Another important factor is the sharp decline in battery prices, making electric vehicles increasingly more accessible. The IEA believes that falling battery and electric vehicle costs are creating a new “tipping point” for the global EV market.
Table of impacts of the EV wave on the region
Area of Impact
Petroleum Long-term reduction in petroleum consumption
Electricity Increased demand for electricity and charging
Industry Booming battery and component factories
AI technology and smart car software are increasing sharply
Environment Reduce urban emissions
Notably, electricity demand from EVs, AI and data centers in Southeast Asia is forecast to increase by more than 100 TWh in the next few years. This means the new battle is not just about selling electric cars, but also about electricity, batteries, charging stations and the energy supply chain.

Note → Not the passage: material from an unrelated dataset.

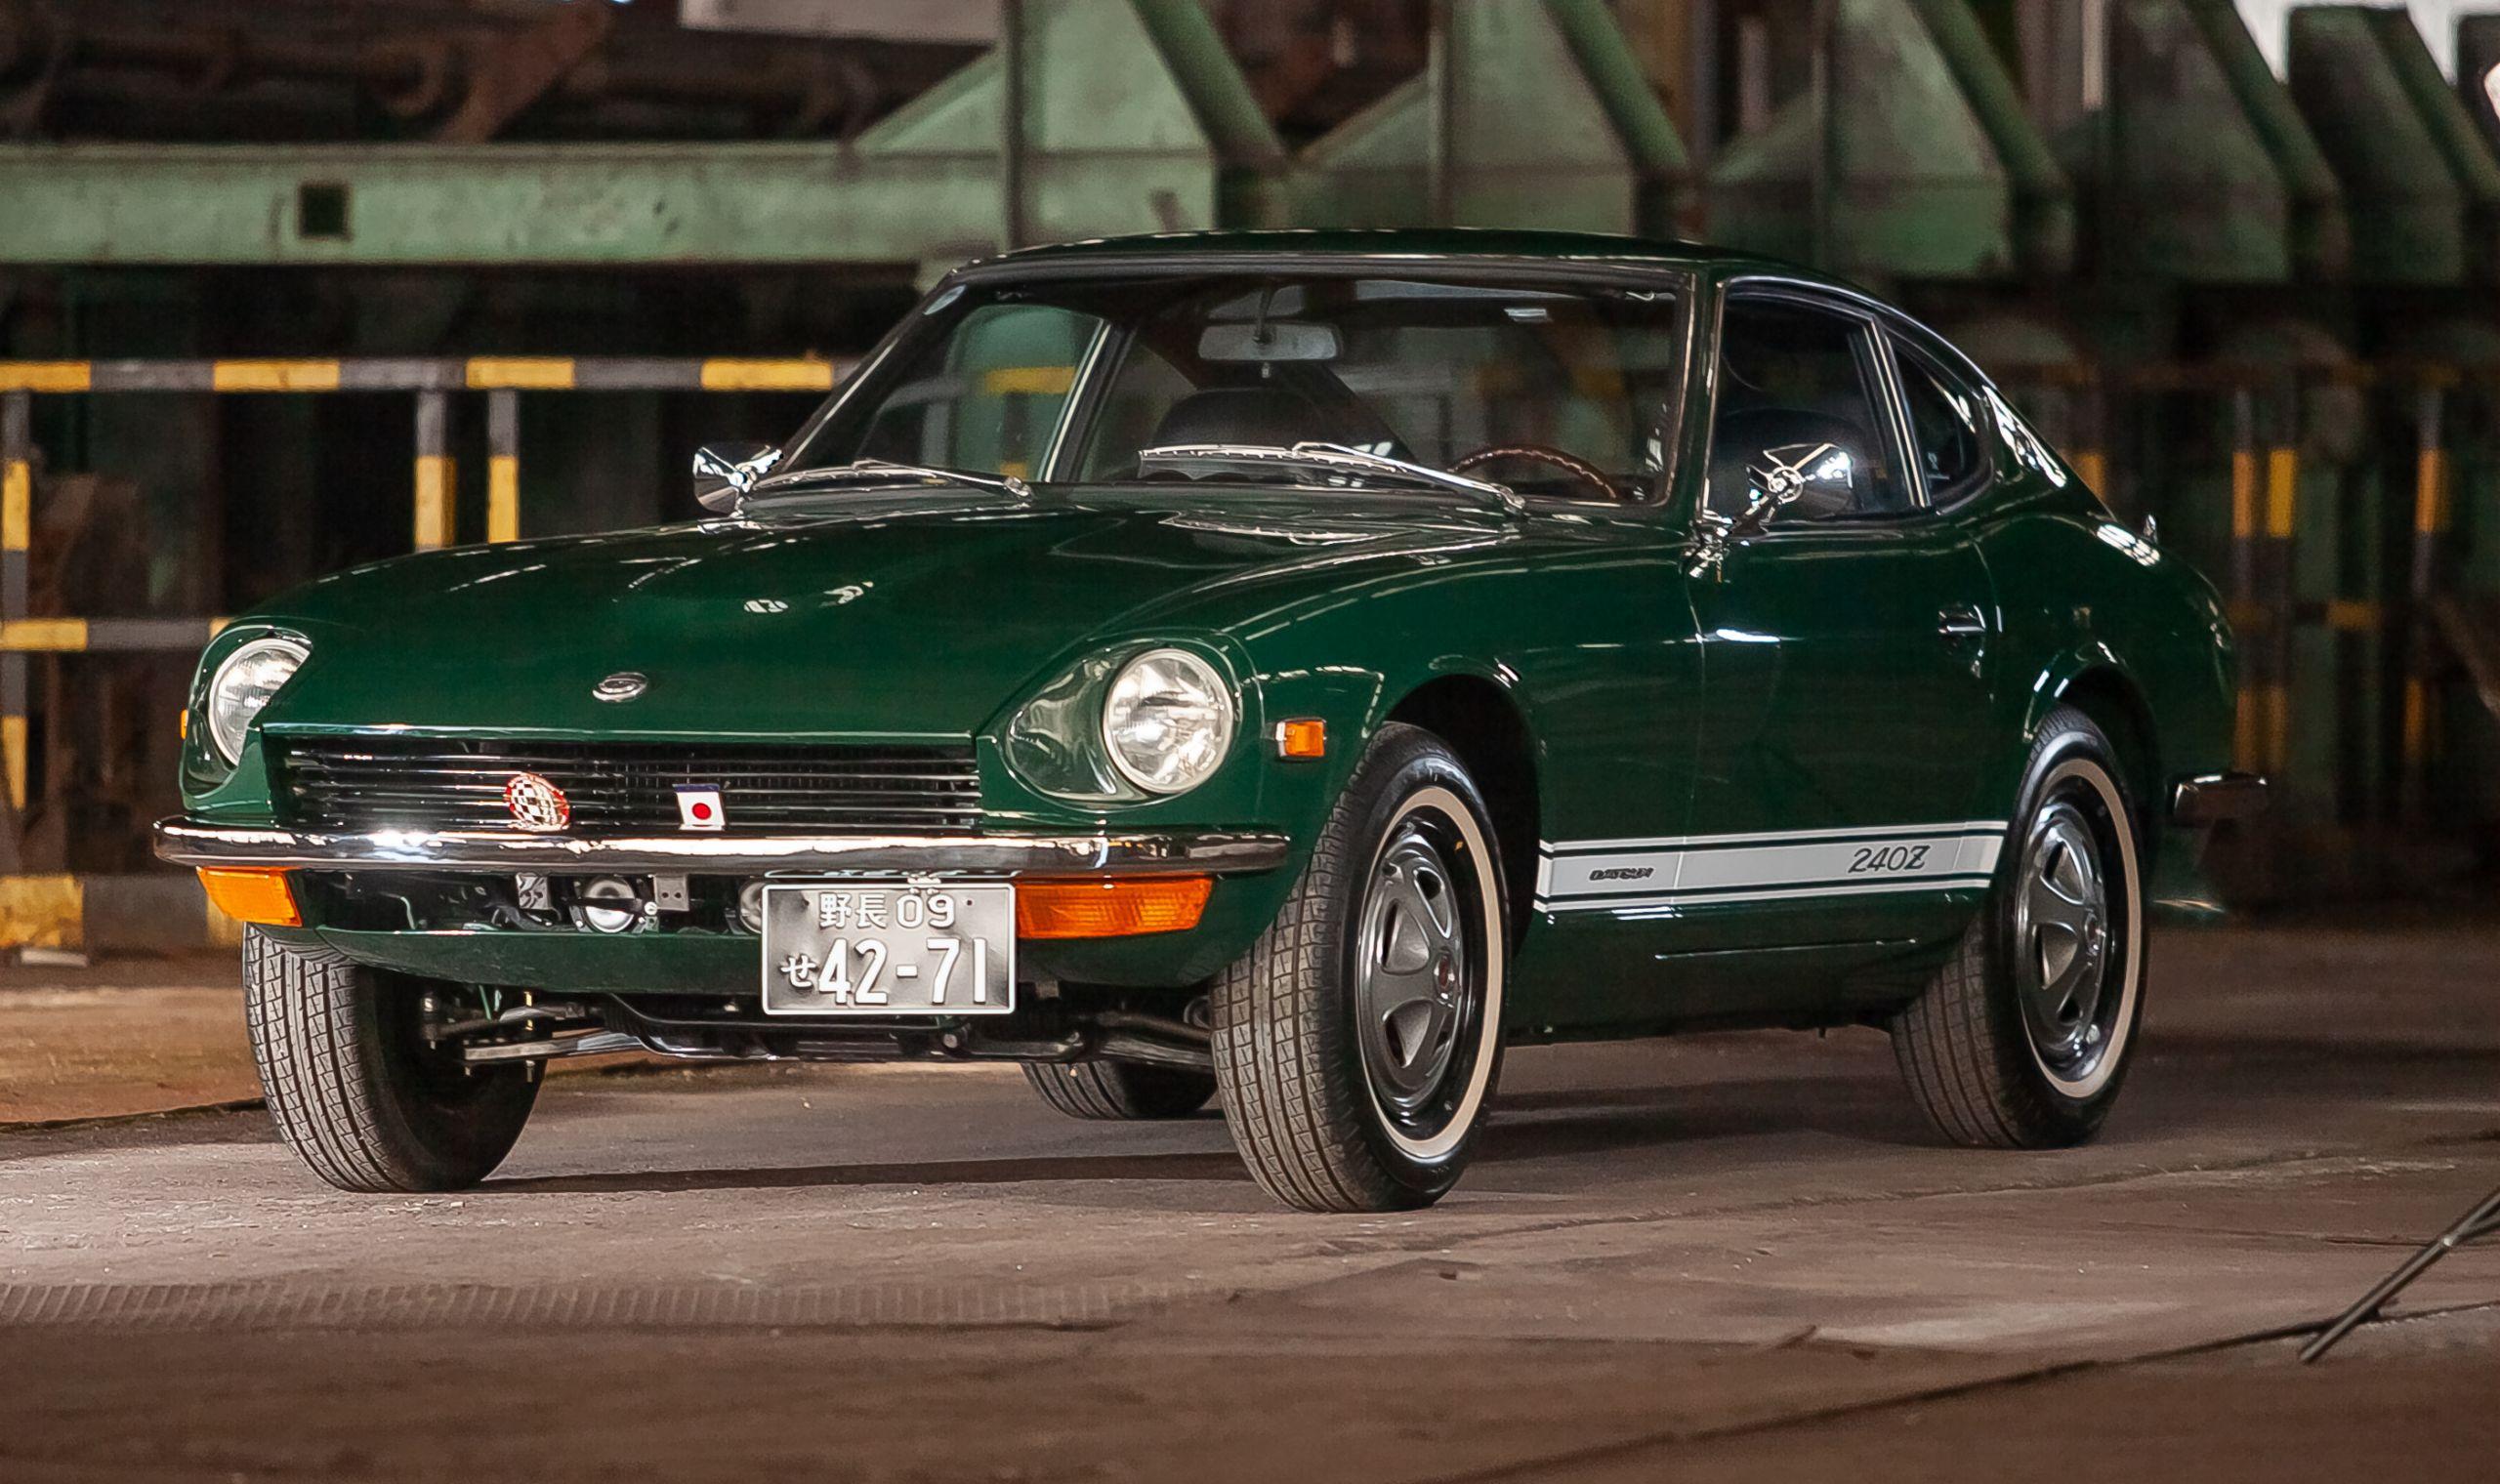 1972 Datsun 240z zu verkaufen Deutschland

Many international experts even believe that the global EV market has entered the "point of no return". Once users get used to low operating costs and strong enough charging infrastructure, gasoline cars will gradually lose their traditional advantages.The big question now is no longer "will electric cars develop or not", but which company will survive the fiercest price and technology war in the history of the auto industry.